**INSTRUCTIONS FOR THE TASK**
For every line below, output the text exactly and leave out images.

**PROVIDED DATA**
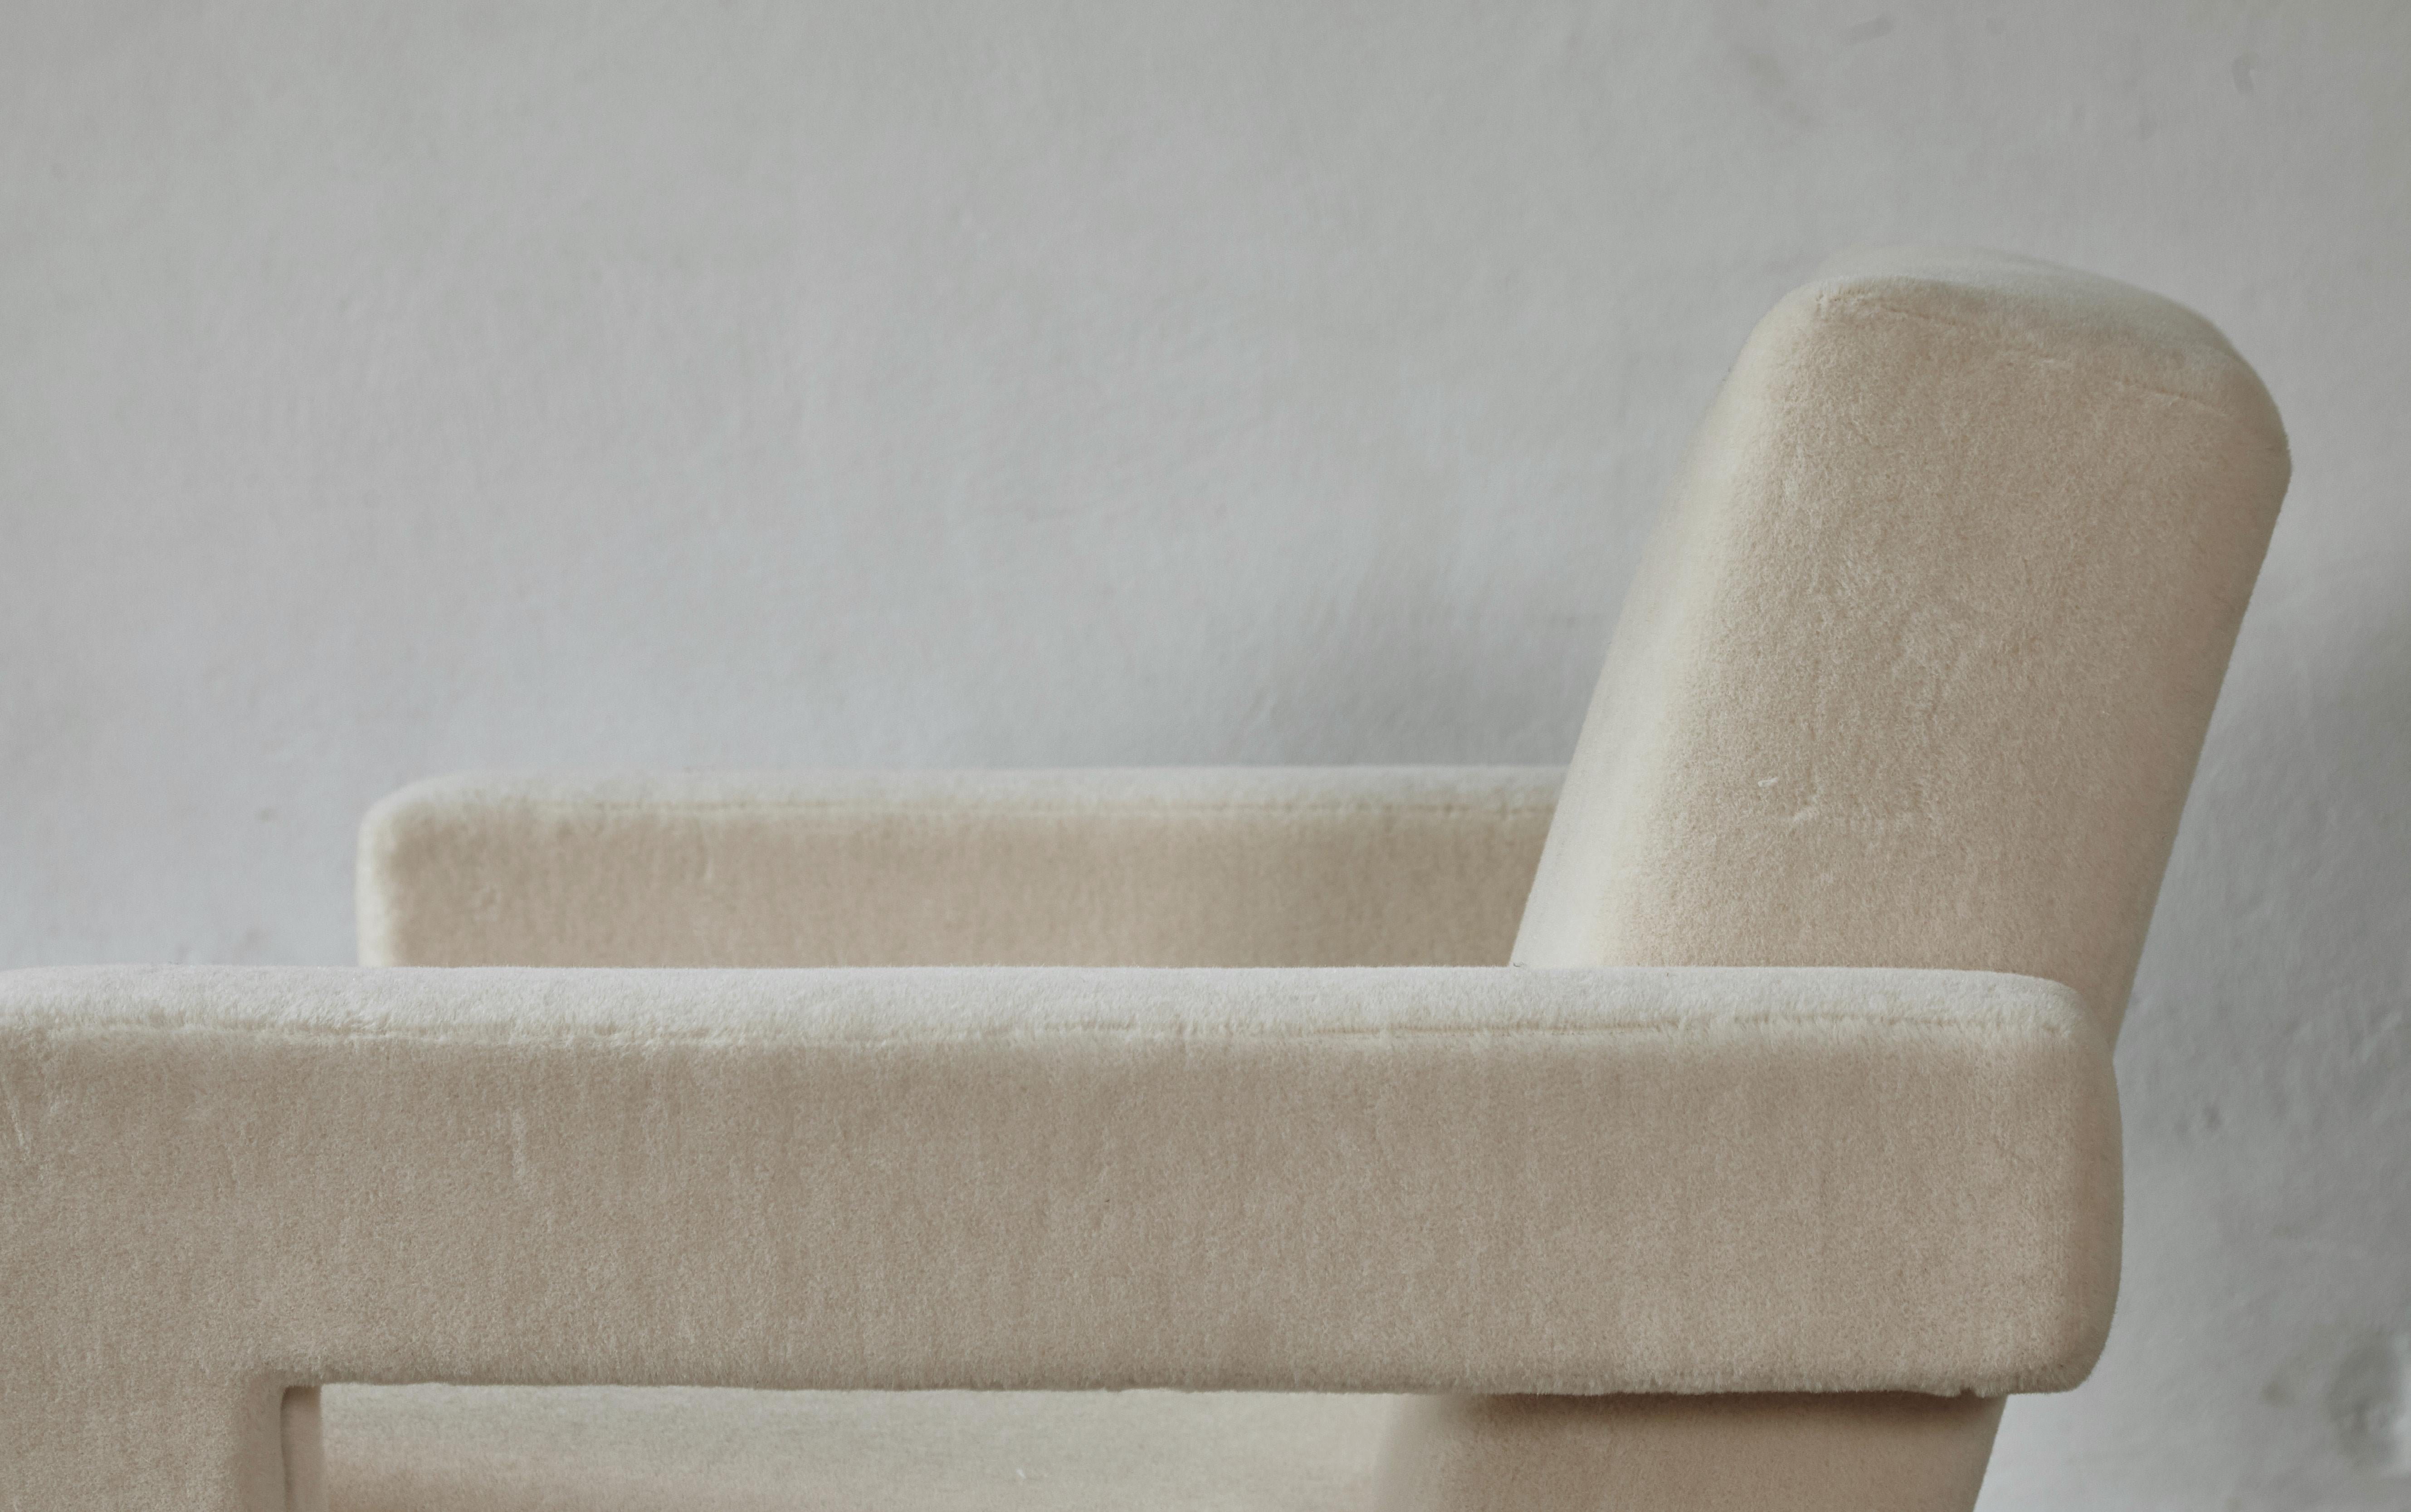 20th Century Gerrit Rietveld Utrecht Chairs, Cassina, Newly Upholstered in Pure Alpaca
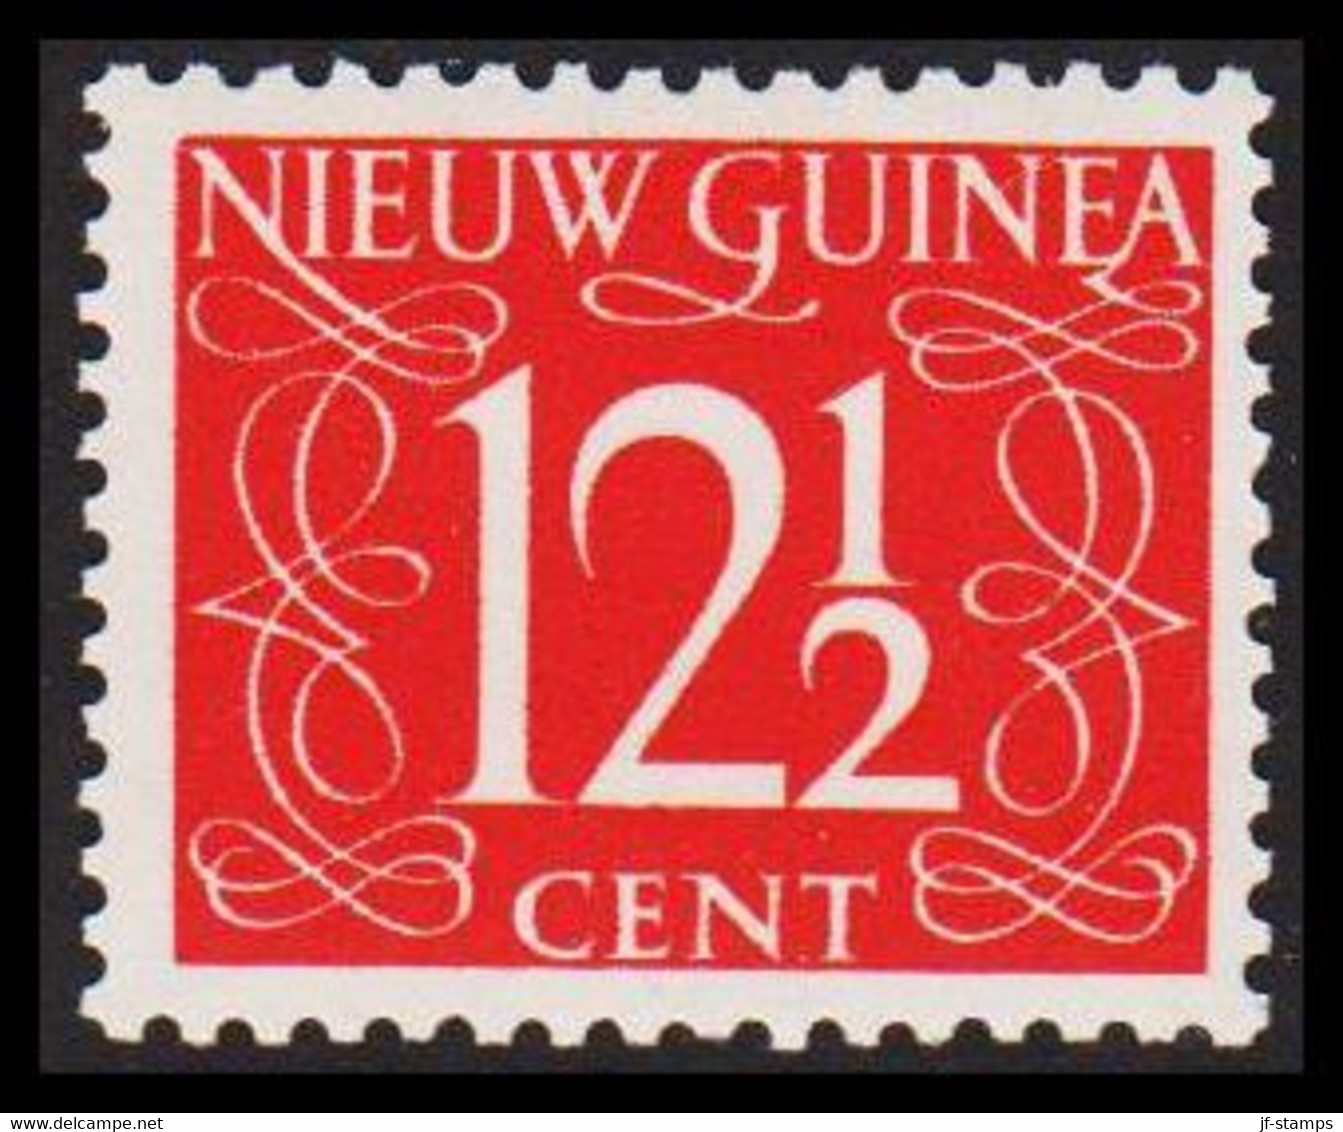 1950. NIEUW GUINEA. Nummerals- Type 12½ CENT Hinged.  - JF529322 - Netherlands New Guinea
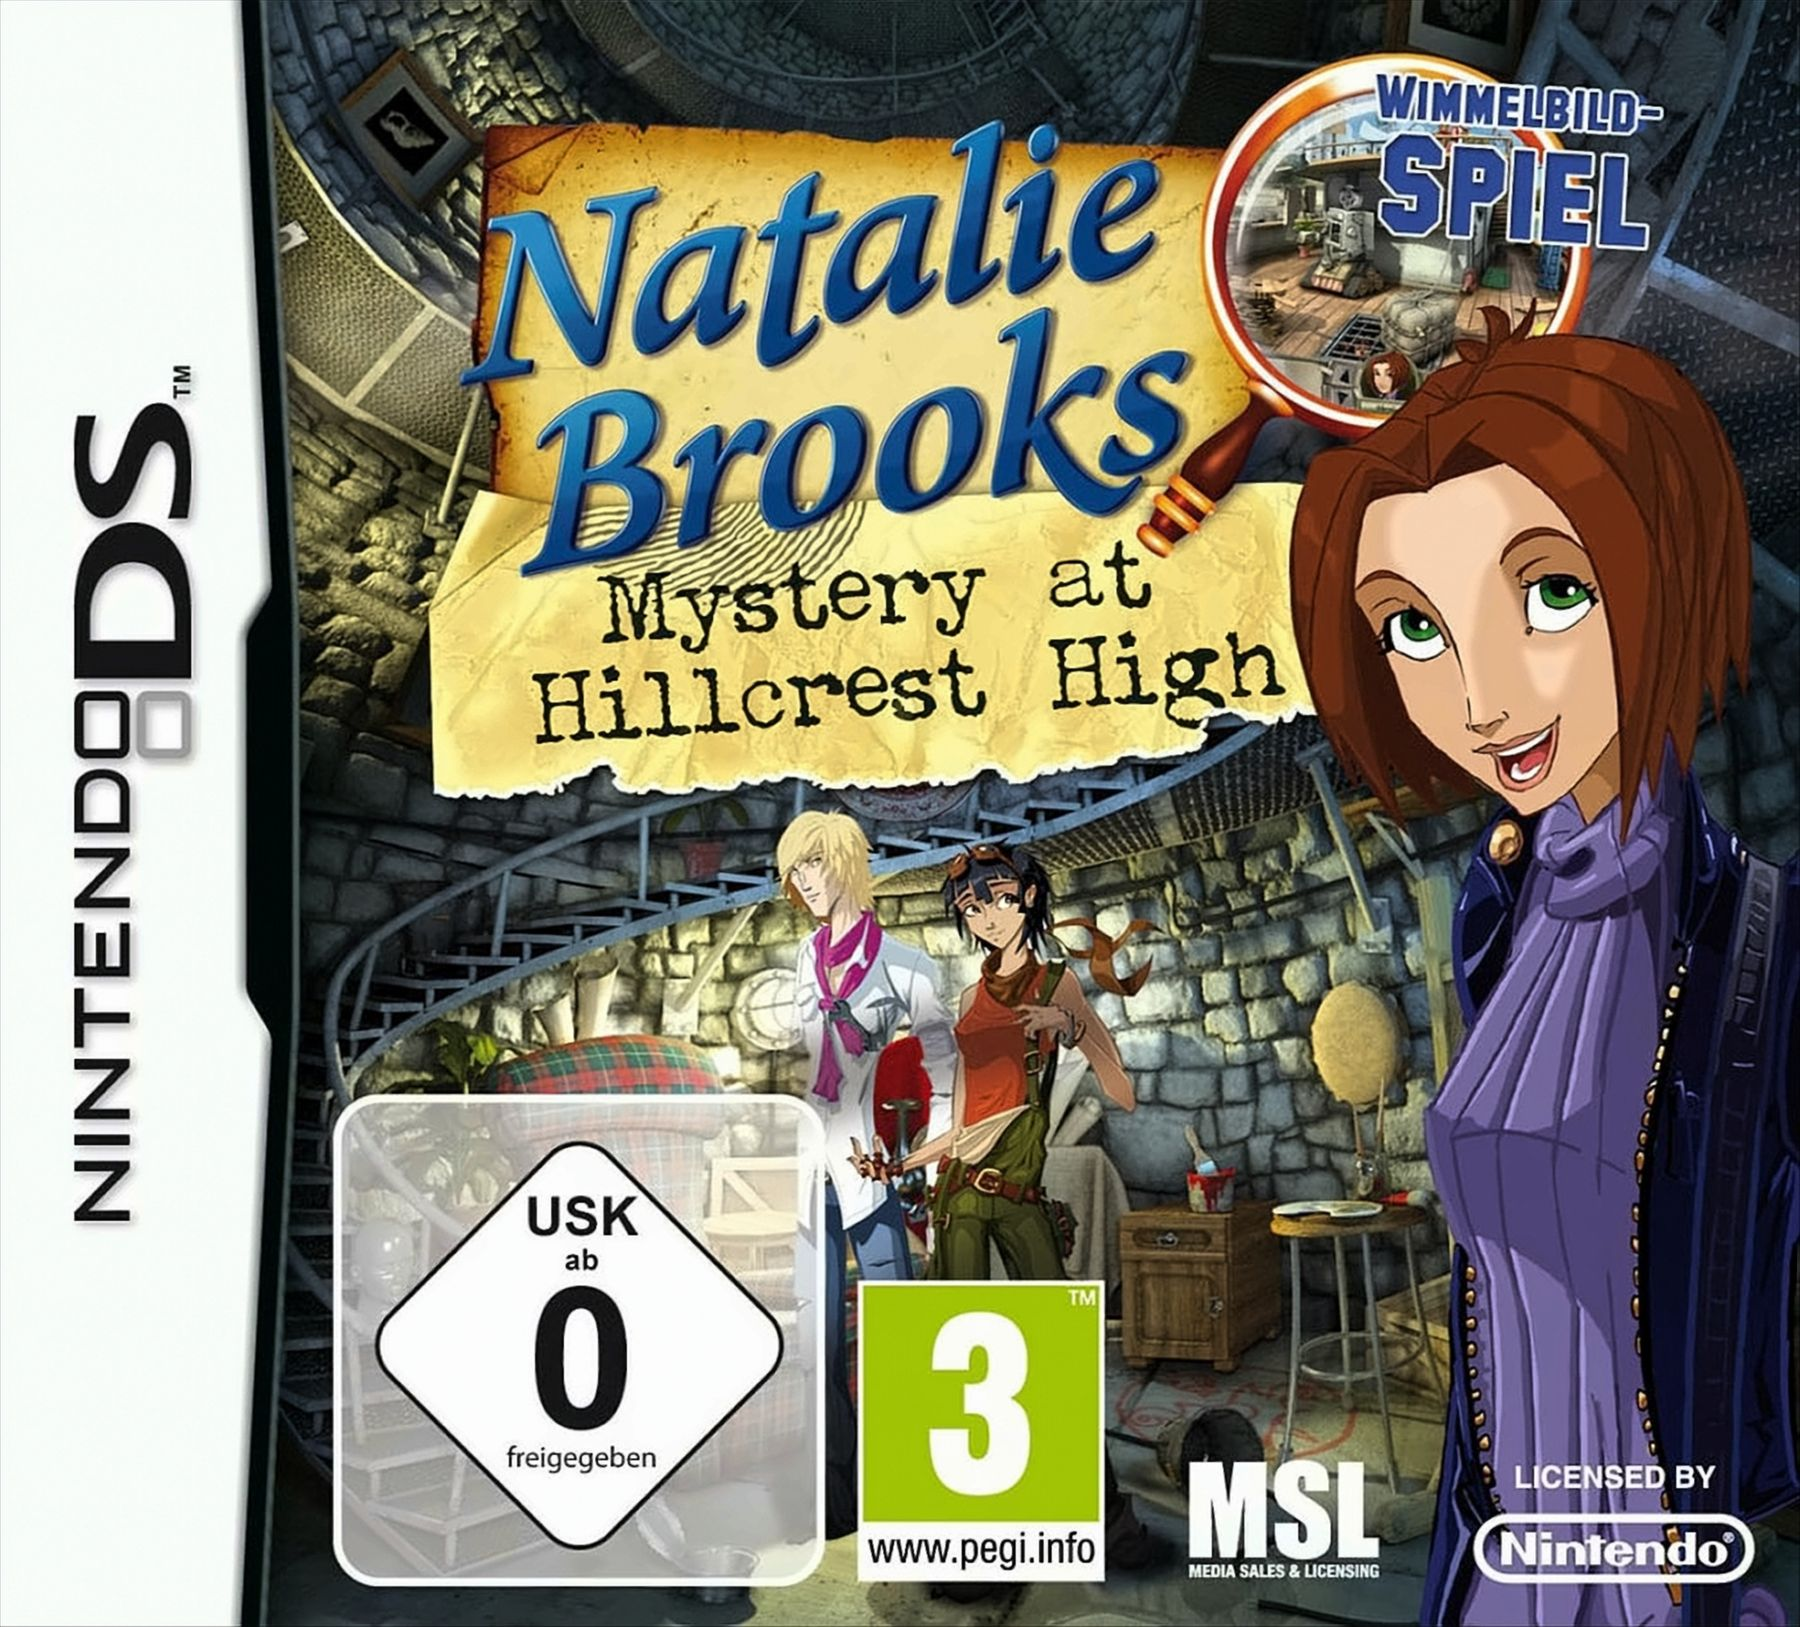 Natalie [Nintendo - Brooks: Mystery DS] High At Hillcrest
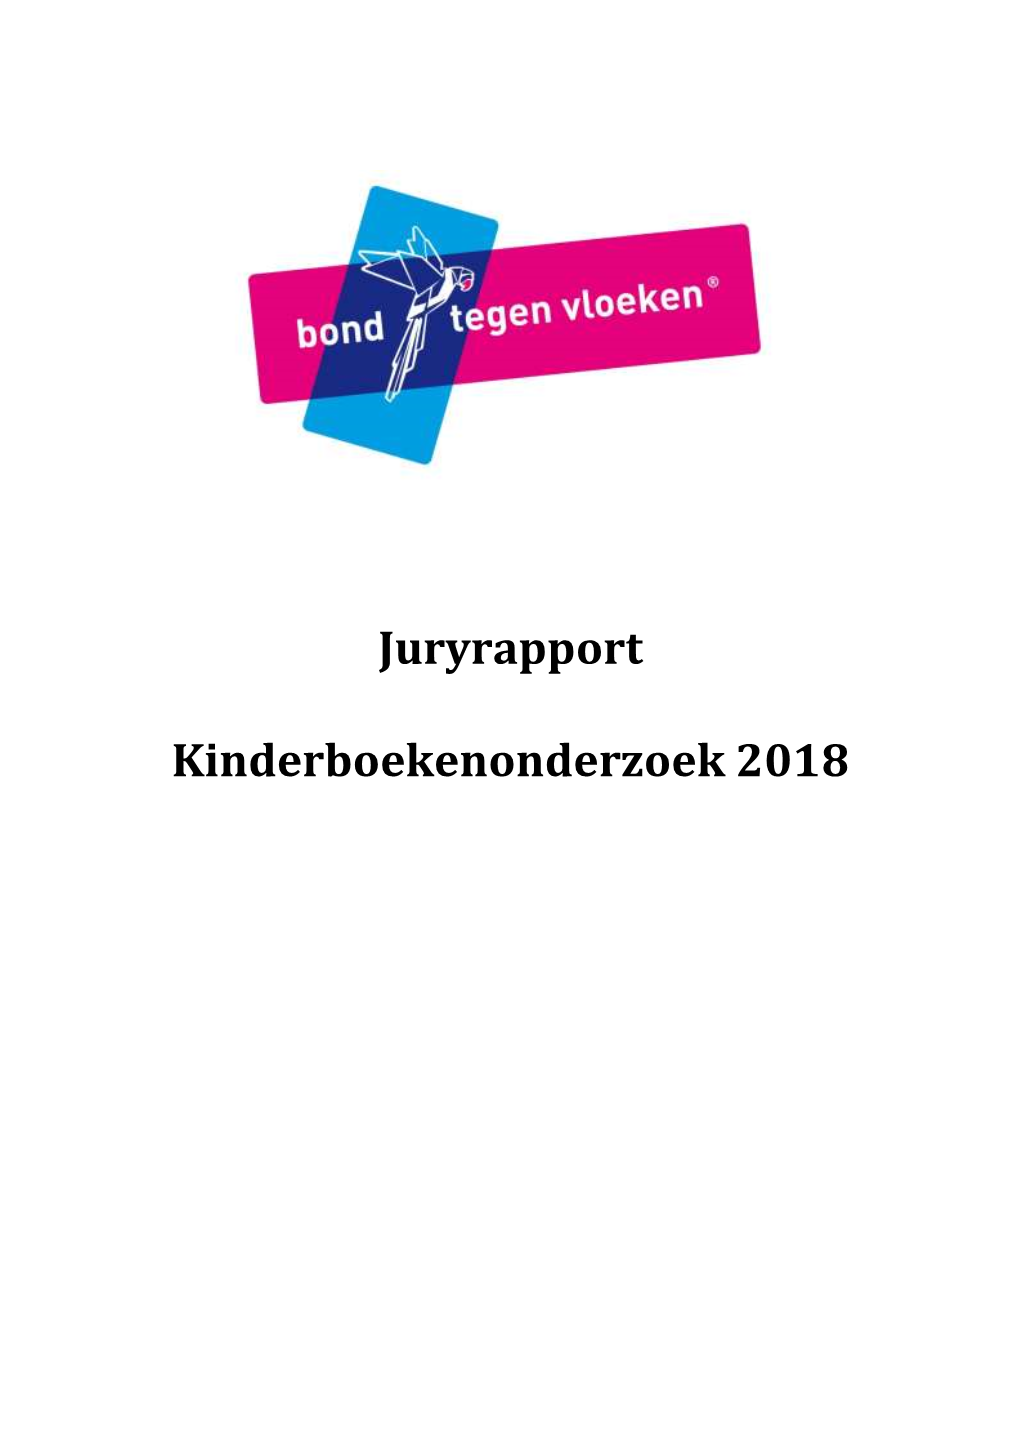 Juryrapport Kinderboekenonderzoek 2018

**ANSWER SPACE**
 20th Century Gerrit Rietveld Utrecht Chairs, Cassina, Newly Upholstered in Pure Alpaca
 1950. NIEUW GUINEA. Nummerals- Type 12½ CENT Hinged.  - JF529322 - Netherlands New Guinea
 Natalie [Nintendo - Brooks: Mystery DS] High At Hillcrest
 Juryrapport Kinderboekenonderzoek 2018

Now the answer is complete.